WASHINGTON – In early May, Vice President Kamala Harris sat down with members of several civil rights groups, including the NAACP Legal Defense and Educational Fund and the Leadership Conference on Civil and Human Rights, to discuss what they saw as an assault on the right to vote in America. The meeting came amid rumblings by many in the civil rights community that President Joe Biden and his administration weren’t doing enough to thwart what activists fear could become the greatest disenfranchisement since Reconstruction.

According to an aide who spoke on the condition of anonymity to discuss internal deliberations, Harris emerged from that meeting with a request for Biden: Let me spearhead the administration’s battle against Republican voting restrictions.

Now nearly a month later, during an event marking the centennial of the Tulsa race massacre, Biden formally announced Harris’s new portfolio on voting rights – placing the vice president squarely in the middle of a pitched partisan battle being fought at multiple levels of government.

“Every American has a right to have their voice heard at the ballot box, and no American should be kept from voting early, voting by mail, or voting at all,” Harris said in a statement after Biden’s announcement. “Our democracy is strongest when everyone participates, and it is weaker when people are left out.”

The assignment is the weightiest that Harris has undertaken so far in her groundbreaking vice presidency, on an issue that Democrats feel is existential and that the vice president has called “the work of democracy.” Biden decided that Harris would be an invaluable point person on an issue with implications for years to come, one White House official said.

But there are enduring questions about what can be done to advance an issue that has stagnated in the Senate and amid the threat of a Republican-led filibuster. At the same time, Harris is undertaking the difficult task of addressing the root causes of migration – another polarizing challenge with no easy policy solution. Harris leaves for Guatemala and Mexico on Sunday, her first international trip since the inauguration.

Harris’s ability to address access to the ballot box will probably influence how voters judge the tenure of the first female vice president and the first person of Black and Asian descent to hold the office. Harris, 56, is widely viewed as a potential heir apparent to Biden and a future leader of the Democratic Party.

Though Harris struggled to define herself during her failed presidential bid, addressing the assault on voting rights presents an opportunity to make inroads with civil rights leaders, state and local activists, lawmakers and corporate leaders ahead of what many see in the party as an inevitable future run for president.

But Harris will also have to manage expectations, as a perceived lack of accomplishment could stoke disappointment in the party and diminish her standing.
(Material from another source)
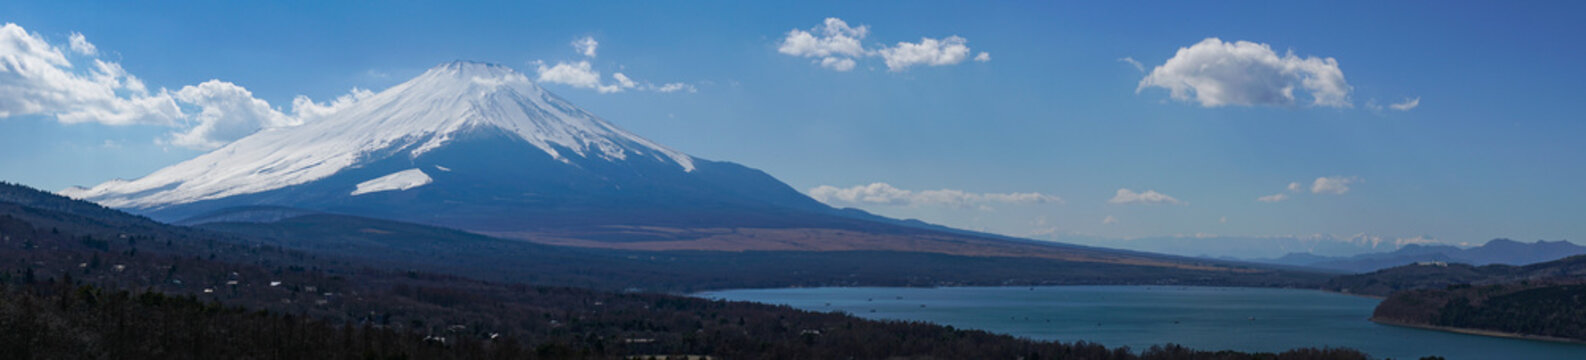 富士山のパノラマ写真

The political consequences don’t stop with Harris: A potentially protracted battle over voting rights could be an issue that motivates voters in the 2022 midterm elections and beyond. Just as with the border, changing voting laws have evoked strong feelings in the Democratic base, with many liberal activists long arguing that party leaders have not done enough to help the immigrants and people of color who have been hit hardest by inaction.
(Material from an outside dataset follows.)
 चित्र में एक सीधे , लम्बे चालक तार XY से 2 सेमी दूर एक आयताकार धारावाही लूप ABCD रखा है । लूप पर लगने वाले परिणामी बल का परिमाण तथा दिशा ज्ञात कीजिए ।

Harris will lobby her former Senate colleagues to push through two voting rights bills now stalled in the Senate, according to three White House aides who requested anonymity to discuss internal deliberations. She will also travel around the country in coming weeks and meet with activists fighting for greater voting access while encouraging corporations, celebrities and cultural figures to exert whatever influence they have to defeat GOP voting restrictions.

Since January, Republicans have used former president Donald Trump’s unfounded claims of a stolen election to justify tighter restrictions on voting. Republican-led legislatures in 14 states have passed more than 250 laws that would make it harder to vote. Among other things, the proposed measures in many states would limit mail and early in-person voting, enact stricter identification requirements and limit the hours polling places can be open. Experts say that the legislation would have an outsize effect on minority voters who are more likely to cast ballots for Democrats.
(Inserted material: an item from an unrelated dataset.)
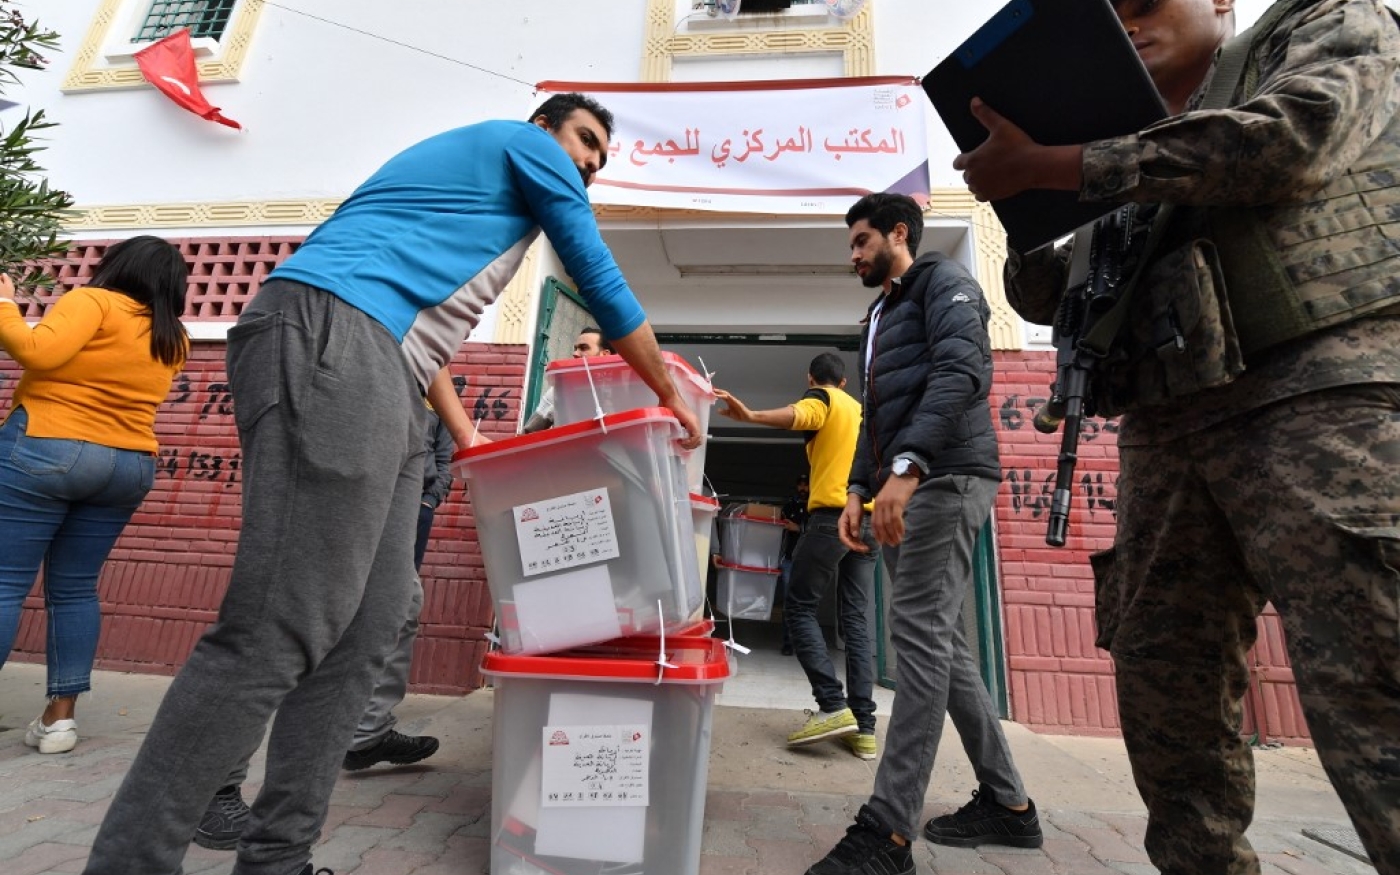 Des urnes sont manipulées sous la surveillance des militaires, dans L’Ariana, près de Tunis, le 16 décembre 2022 (AFP/Fethi Belaid)

On Sunday, Democrats in Texas thwarted a Senate bill that critics say would hinder the voting rights of Black people and other minorities, particularly those in under-resourced communities.

Georgia was the first state to ratify voting restrictions, and for the White House, the ensuing outcry was instructional, an aide said. Major League Baseball opted to move its All-Star Game out of Atlanta. Leaders at Atlanta-based Delta Air Lines and Coca-Cola spoke out against the law, and a group of Black religious leaders called for a boycott of Home Depot for not speaking out more forcefully. Professional athletes and actors spoke out in a state that has sought to become a leading destination in the world for film and television production.

At the federal level, lawmakers have reached a stalemate on two voting rights bills, including one that bears the name of the late congressman and civil rights icon John Lewis.

The Rev. Al Sharpton, a prominent civil rights figure, said he hopes Harris uses her new assignment to promote voting rights in a public way.

“I think she’s the perfect person because she represents two elements of people that have had voting rights infringed upon: women and Blacks,” Sharpton said. “If she is the face of voting rights, and of voting bills being passed, her very presence is representative of the possibilities of having fair voting.”

He added, “I think she would be a very effective symbol,” in addition to working with senators. “She brings symbol and substance to the fight.”

Former Democratic National Committee chair Donna Brazile, an ally of both Harris and Biden, said she thinks giving Harris the assignment will ensure that the battle over voting rights will be noticed by many Americans.

“Putting this in her portfolio will mean this issue will receive a lot of attention,” Brazile said.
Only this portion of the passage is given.